I’m terrified but whats really scaring me is although theres no excess fluid in my lung I’m still very breathless after only walking from one room to another, I also find I’ve no appetite and it keeps feeling as if somethings stuck in my throat all the time and I’m finding it very hard to cough up cataarh.
Is there anyone out there with similar symptoms? I’m going for a detailed MRI scan tomorrow.
Bowders,
Can’t help with your symptoms I’m afraid but I think there is a lung mets thread which you might find useful.
Just wanted to say that I hope the MRI goes smoothly tomorrow and you will get a better idea of what is going on and what treatment plan you will have. I’m sorry you’ve had such awful news and it wil take time to take it all in but when you have a clearer picture you’ll be able to start preparing yourself emotionally. My thoughts are with you
Helhel,good luck with first zometa tomorrow am sure it’ll be fine. Yes lovely weather here in Sussex too
Ozzie that was a great post really cheered me up and made me smile, hope you had a lovely birthday!
Gingerbud, will be thinking of you too, hope scans go well and no nasty surprises, let us know how you get on.

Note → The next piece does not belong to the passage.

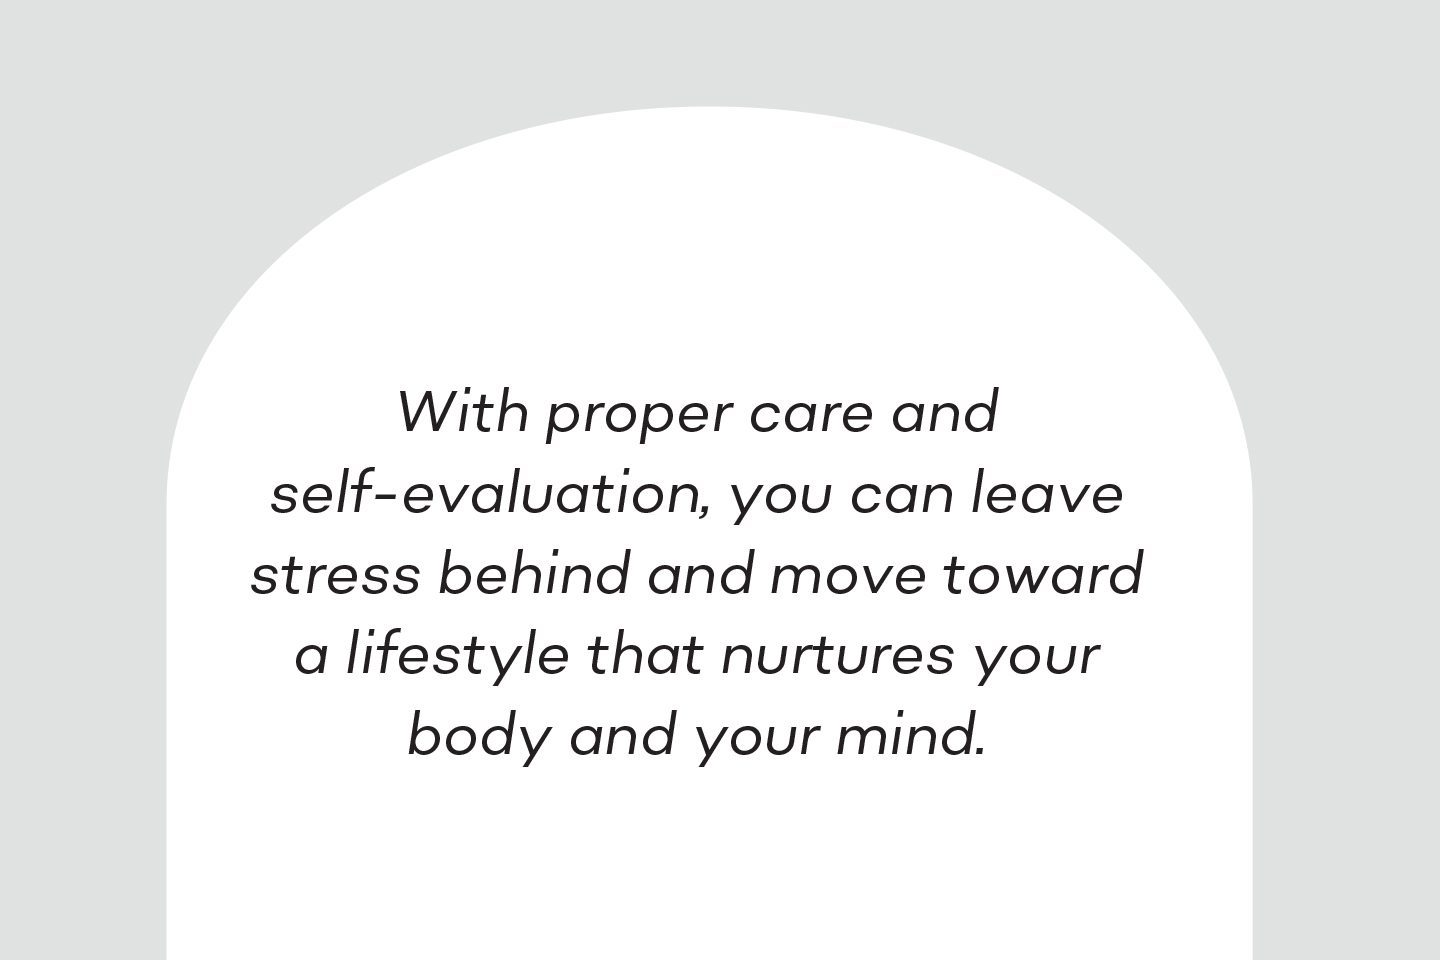 With proper care and self-evaluation, you can leave stress behind and move toward a lifestyle that nurtures your body and your mind.

Hi Bowders. Just wanted to say that I had this procedure done about 6 months ago, and I too, was left very breathless up until fairly recently really. Most people at the hospital have said that it’s quite normal, so I wouldn’t worry unduly about that aspect of it. Good luck with it all
Any kind of cancer aside, your body has been through some pretty major stuff recently and a serious chest infection is always going to make you feel wiped out.
Just like you wouldn’t expect to go jogging after a hip replacement, you need to give your lungs time to recover.
Hope the MRI went well and you get the results soon. Keep us posted…
Have had my first bone infusion. Unremarkable procedure despite me being as strung out before hand as a violin string!
Felt fine during and after.
I’ve now had 2 acupuncture sessions and I am feeling alot better generally.
I’ve had a visit from our local hospice with the emphasis on helping anyone who needs it. They have all sorts of treatments that I can take advantage of…and I will. Reiki, aromatherapy, reflexology etc. All free. Well you got to take what is handed out havent you?
I dropped into work to see my collegues and friends. I’ve been away from work for several weeks now but beginning to feel more human again, so intending to return in November on a phased return basis.
Hope everyone on this thread is well and stil enjoying some sunshine, albeit autumnal.